Price: Freelancers tend to be a more affordable “do it for me” option. They will either charge an hourly or per-project rate—make sure you clarify at the start of the project. When working with freelancers, you also have the option of hiring internationally. There are talented developers and designers all over the globe! You can find great international talent for anywhere from $10 to $50 per hour. Though, be aware that a multi-hour time difference can make communication more difficult.
Customization: Again, as long as you hire the right people they should be able to customize whatever you need. Be sure to take a look at your freelancer’s portfolio to see what they’re capable of building.
Technical: Again, don’t have to worry about doing any coding personally, but you’ll run into the same issue of updating the code as you would with an agency and will need to have a developer on hand to change your site when necessary.
Sometimes, all you have to do is mix a pinch of DIY, add a little extra help, and BOOM: you’ve got the perfect hybrid option for building your website.
WordPress is a hugely popular open-source website creation tool and content management system.
Functionality: There’s a lot you can do with WordPress, especially if you’re a content-focused business. WordPress has thousands of plugins that can do everything from build a custom contact form to optimize your website for the search engines to automatically backup your website. But bad news for the online shop folks, WordPress doesn’t have it’s own eCommerce option. It does have multiple plugins that allow you to add that functionality (and pairs well with Shopify).
Ease of use: Wordpress is definitely a little more complex than some other options on the market and has a lot more going on behind the scenes. This platform is the best fit for intermediate level techies and above.
Price: Wordpress itself is free, and if you’re super tech-savvy you might be able to create a functional, attractive WordPress site without spending a dime. But for the less tech-savvy folks, you’ll need to purchase a theme, potentially hire a designer and/or developer to help customize the site, and pay for additional plug-ins.
Customization: Wordpress offers a lot when it comes to customization, but there are times you’ll need to mess with the code to get exactly what you want. You can also pick from numerous template designs, purchase a template from a third-party source or have a custom site designed specifically for you. (We do that on 99designs!)
Technical: Most features and design elements on WordPress can be changed without coding, but there are times you’ll need a web developer to add in lines of code to get you exactly what you need.
Jimdo is a template-based website builder that lets you build good-looking, responsive websites with no coding skills necessary. We’ve included it in the hybrid section because of one specific perk: you can get a custom design for your Jimdo site on 99designs.
Functionality: Jimdo supports just about any kind of business with features like ecommerce capabilities and portfolio options.
Ease of use: Jimdo is a great option for complete beginners. Editing and changing things like font and color is super simple, and all features can be added with just a few clicks.

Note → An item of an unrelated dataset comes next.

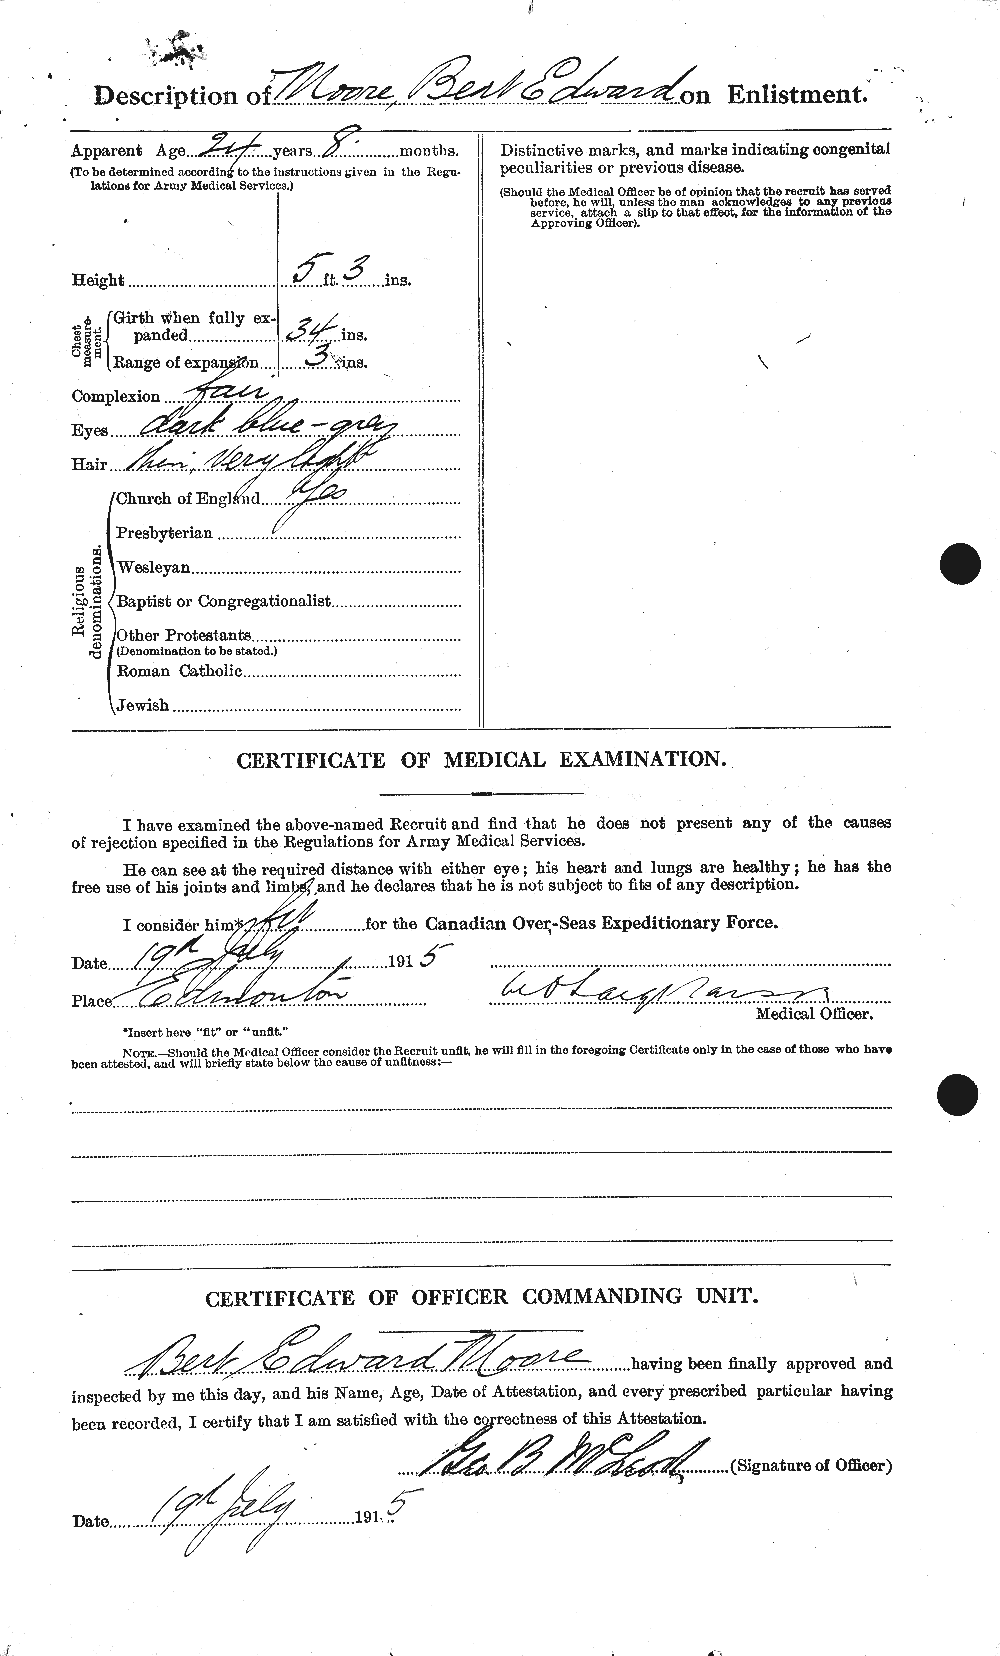 Personnel Records of the First World War - CEF 506464b

Price: Jimdo’s business plan is $20 per month, and that includes your domain name and email hosting of up to 20 email addresses. If you want to customize your design, you can get a logo and website created on 99designs and built in Jimdo starting at $599.
Customization: We’re a bit biased, but Jimdo is the only template site that allows you complete customization of your design. It does also offer a limited array of out-of-the-box templates if you’d prefer. If you decide down the road you want to change the look and feel of your site, you can switch out the templates without losing any of your work.
Technical: No coding is necessary with Jimdo, and all their templates are responsive.
Know what you need
Choosing the best web platform for your business is super important, but you can’t make the right choice if you don’t know what you need. Get really clear on what you want from your website, and then reverse engineer your needs until you find the web platform that checks every box.